1981: Record high mortgage rates stifle cooperative sales
The record high mortgage rates that peaked above 18 percent 27 years ago this month depressed sales of co-ops in the city, sales brokers said. The impact was felt most strongly among co-ops priced in the middle range at the time, between $90,000 and $250,000. The president of Darwood Management Company, which managed 40 co-op buildings at the time, reported that of the 50 sales it was working on that year, a quarter fell through.

“Many buyers have decided that it’s too expensive, and others can’t convince the bank to let them have [the money],” the company president told the New York Times.

Nationwide, annual housing sales hit a low in 1981; in the northeast they fell to 46,000 units. That was the lowest number on record from data that went back to 1963, accoring to the U.S. Census Bureau.

Anecdotal evidence from brokers illustrated the drop in volume. At the time, broker Brewster Ives of Douglas Elliman-Gibbons & Ives said the number of sales in the 200 buildings he worked in fell from 1,165 units four years earlier to 698 in 1981.

Hard data on co-op sales was not available in the 1980s and earlier.

Large banks such as Chase Manhattan Bank and Citibank also said applications for loans had declined that year.

1956: World’s first stainless-steel skyscraper opens
The Socony Mobil Building, the first high-rise office tower to be covered in a skin of stainless steel, opened 52 years ago this month near Grand Central Terminal. The 42-story tower occupying an entire block at 150 East 42nd Street between Lexington and Third avenues is covered with thousands of metal panels.

Although other skyscrapers such as the Chrysler Building have had skins of aluminum, no other significant building has been covered in stainless steel. In 2005 the Landmarks Preservation Commission designated the building a landmark.

Socony Mobil Oil Company moved to the  1.6 million-square-foot building 71 years after the Standard Oil Company of New York, its predecessor, first occupied 26 Broadway Downtown.

The 0.037-inch-thick panels stamped with a raised pattern were about one and a half times more expensive than brick, but the developers were friendly with the United States Steel Corporation, which covered the extra cost, the New York Times reported. The building was designed by architects Wallace Harrison and Max Abramovitz, who designed the United Nations and Avery Fisher Hall. The tower was developed by John Galbreath and Peter Ruffin on land owned by an old real estate family, the Goelets.
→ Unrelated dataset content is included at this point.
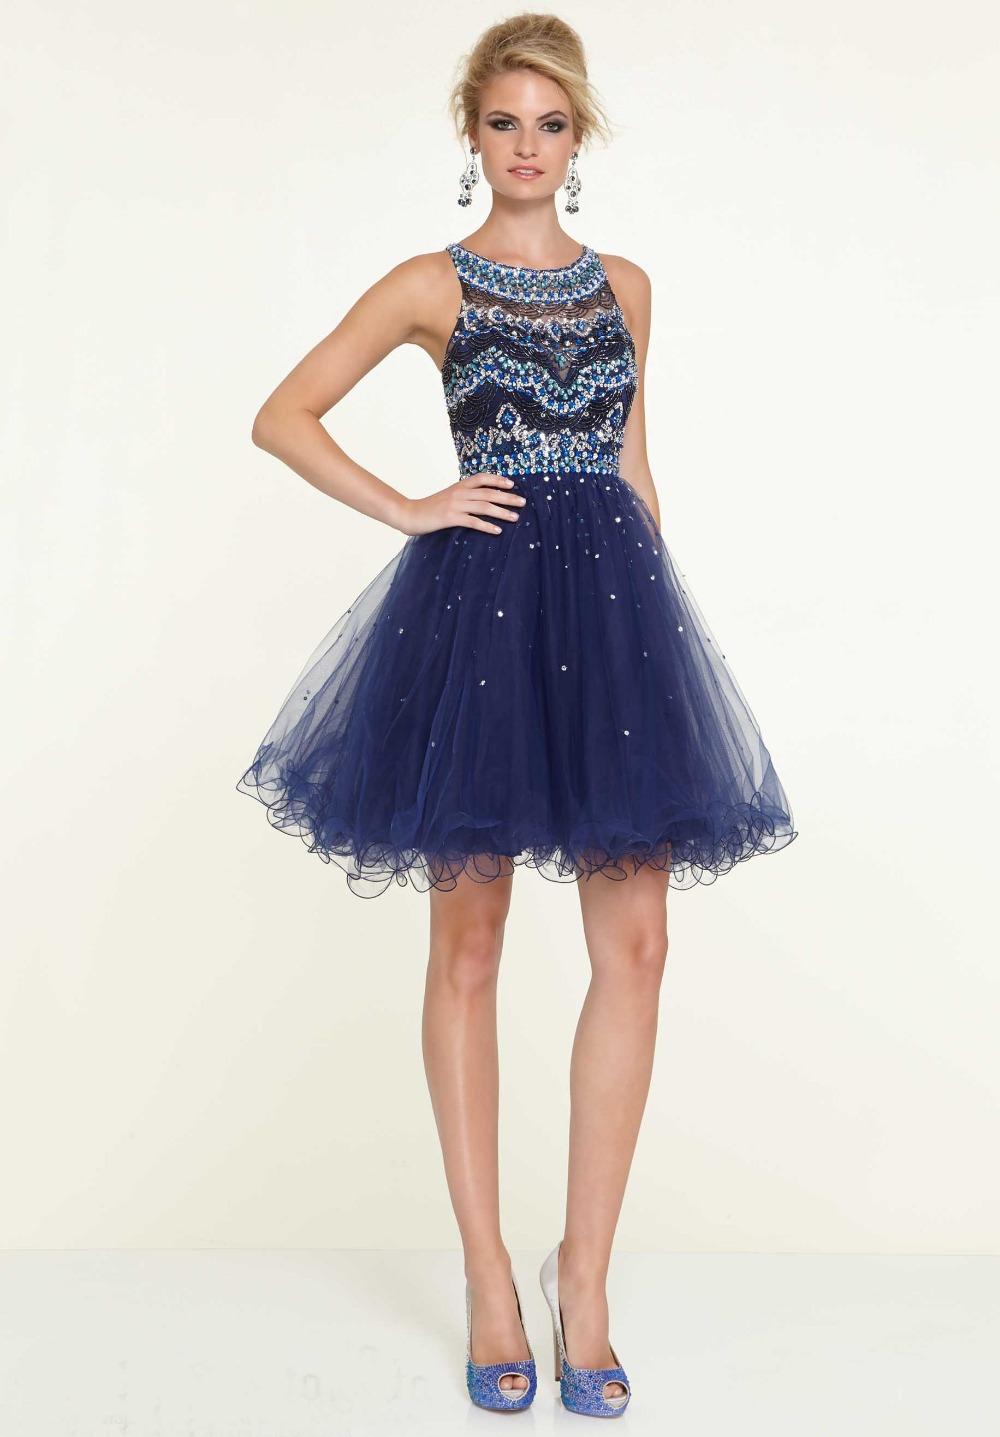 Prom Dresses In Alabama 57

1921: $600M plan to extend Manhattan unveiled
Citing an effort to preserve the value of Downtown real estate, supporters announced a plan 87 years ago this month to develop a six-square-mile extension south of the Battery by filling in a swath of New York Bay.

Backers said there were no substantial engineering obstacles to the project that would be financed by private investments estimated at $600 million. Supporters, which included the president of the Real Estate Board of New York and the business group the Broadway Association, were concerned that Downtown was losing its office market value as companies migrated to Midtown.

“The ‘northward pull’ will render lower Manhattan a residential section within twenty years unless thoughtful people of vision join together to remedy the geographical defect,” Walter Russell, the president of the Manhattan Extension Inc., told the New York Times. “It would save land values from [severe] depreciation.” The creation of new land would increase the city’s land value by $5 billion, the group claimed.

The concept had been floated before, but it was not until 1921 that an advocacy corporation was created and the project presented formally to the governor and the Port of New York Authority.

Engineer H. L. Shadd threw cold water on the plan in 1922, noting Downtown developed less than half of its potential 4.5 million square feet. In 1926 a report said an advisory board of 100 men to advance the plan might soon be realized. The project appeared to have been quietly abandoned sometime later.